I got shit for this online because people rightly pointed out that volunteer vaccine websites are helping people, as if I somehow resent the existence of them, or think they shouldn’t exist. But I don’t think they should exist, in an ideal world they shouldn’t exist at all. As an armchair, unqualified journalist, there are a couple stories here I would’ve thought were newsworthy:
a) here is a website, which is helpful now, which you can use to get vaccinated in a pandemic; and
b) why are volunteer websites filling a horrific gap, and what might need to happen to ensure critical public health doesn’t rely on volunteers
you’ll note that nowhere in a) or b) is “look at how easy it was to build this volunteer website or how little money it cost”. So that’s where I saw the failing of the NYT, in lazily and harmfully perpetuating a high-level stereotype that government/tech is horrible (which like many stereotypes is rooted in truth, because it is a fact that much government/tech is nowhere near as good as we deserve), and that improving government/tech is something that can easily be done as an amateur in your spare time.
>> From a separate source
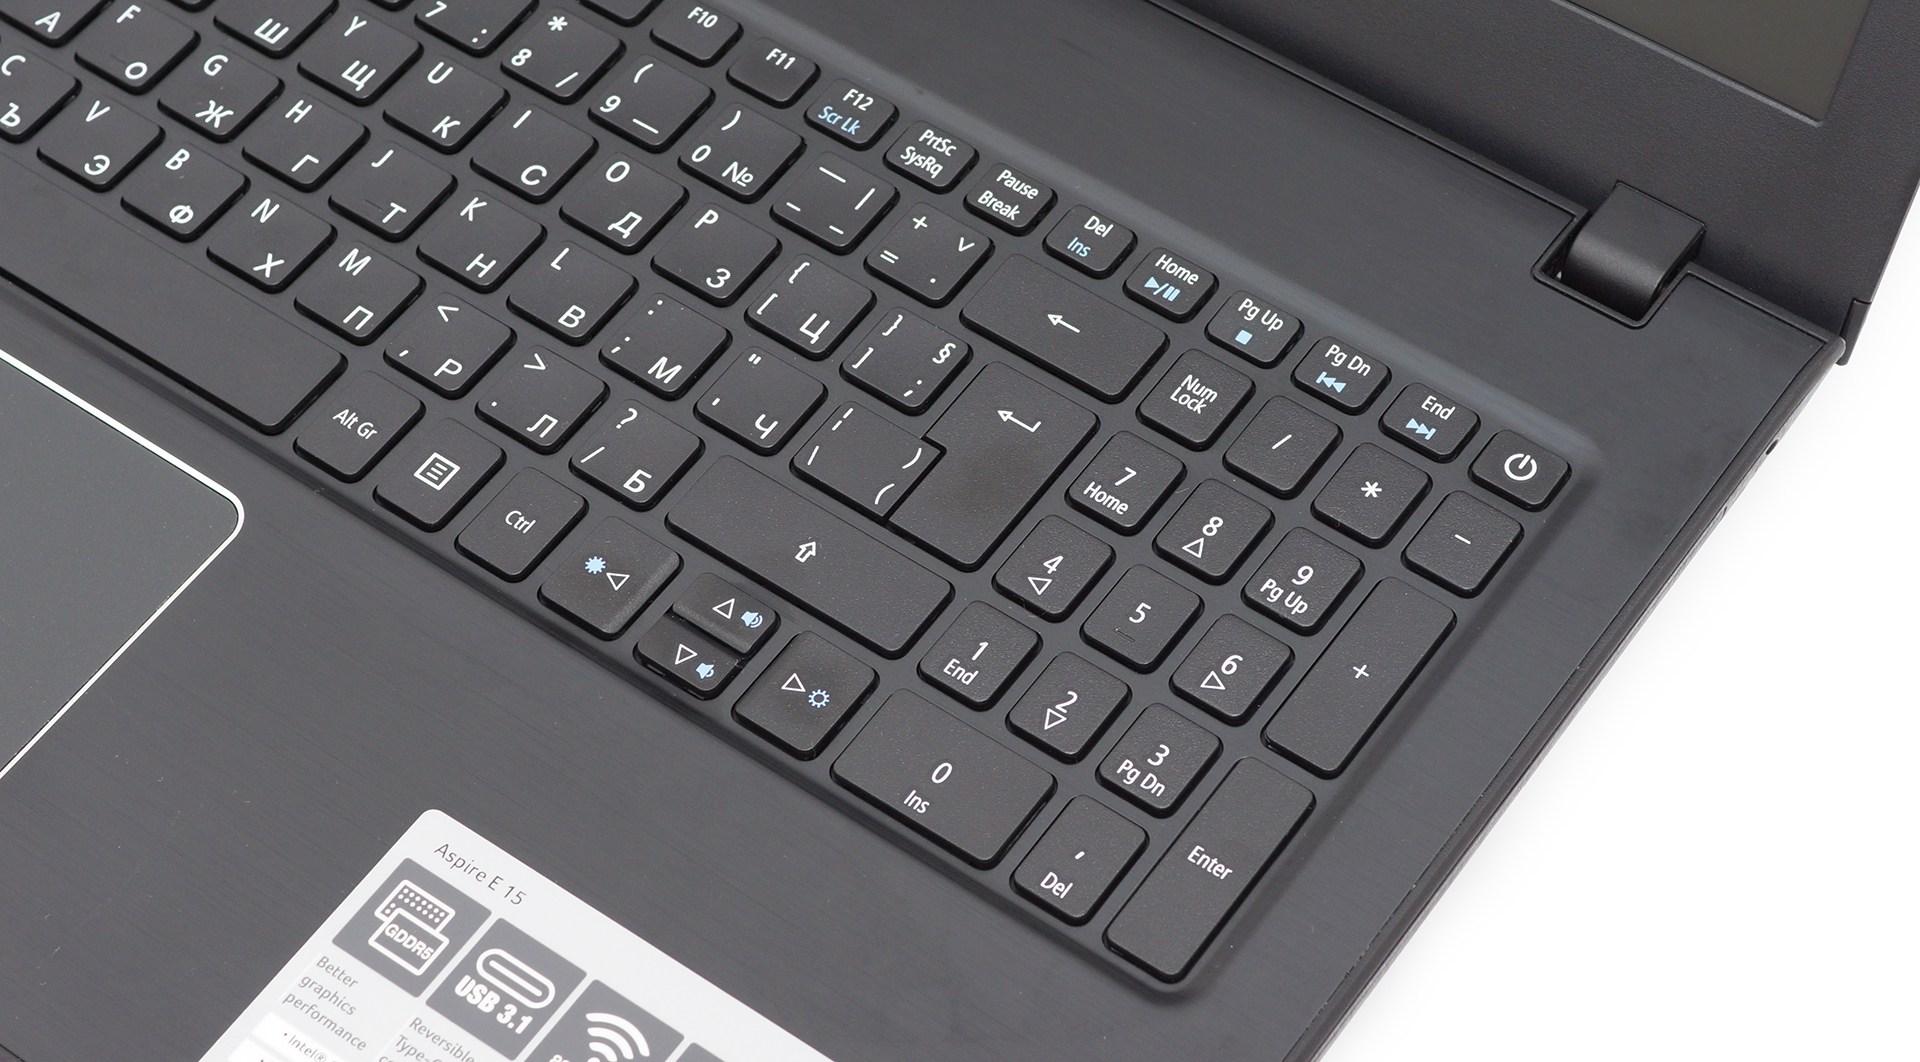 ТОП ноутбуков до 15000 гривен 8

Because the latter is true only on a surface level. I used to not like it when people cited Conway’s law because it feels too abstract and hard for people to understand on a relatable level (“organizations design systems which mirror their own communication structure”), but I feel there’s a good way to use Conway’s law as an opportunity to educate people on how profoundly fucked-up certain aspects of government in the U.S. are and let me say for the avoidance of doubt that the vast majority of people in government are doing their goddamn best in the environment they’re in, and this is not an indictment of them.
In other words: yes, the experience of last-mile vaccine delivery websites is horrible and it could be much better in the low-hanging-fruit sense (copy could be much better, websites should have worked on mobile from the get-go), but those are the paint. What’s horrible, and what the websites reflect are aspects like the federated nature of government in the U.S.
What they illustrate are aspects like a system that in general is more concerned with bureaucratic design and administration of processes (which does need to happen! you are doing things for millions of people!) over outcome and, in a beating-the-drum-about-user-research sense, a disconnect of that outcome to when your policy is complicated, it has an affect on actual people, which of course we know in abstract, but, you know, there’s a more fundamental way of knowing.
I saw a tweet somewhere, and I’m afraid I don’t remember the provenance but it may have been from or via someone like Dana Chisnell that service design is… actually stupendously hard for an individual person to do? In that so much is out of their control? Service design in the sense of “I am involved in the design of a service that helps people get vaccinated” in the U.S. is so amorphous, so spider-tentacled in how it works in practice, from federated policy to operations to implementation that at some one-year-into-COVID-pandemic sense all I can do is laugh manically in response. Do you know the level of coordination that would require?!
—
Anyway, it is breakfast time. There is bacon and pancakes and I will leave it at that, because why not leave things at a despairing, sisyphean absurdity, and yet what can we do but try?
I am not doing well, how are you doing?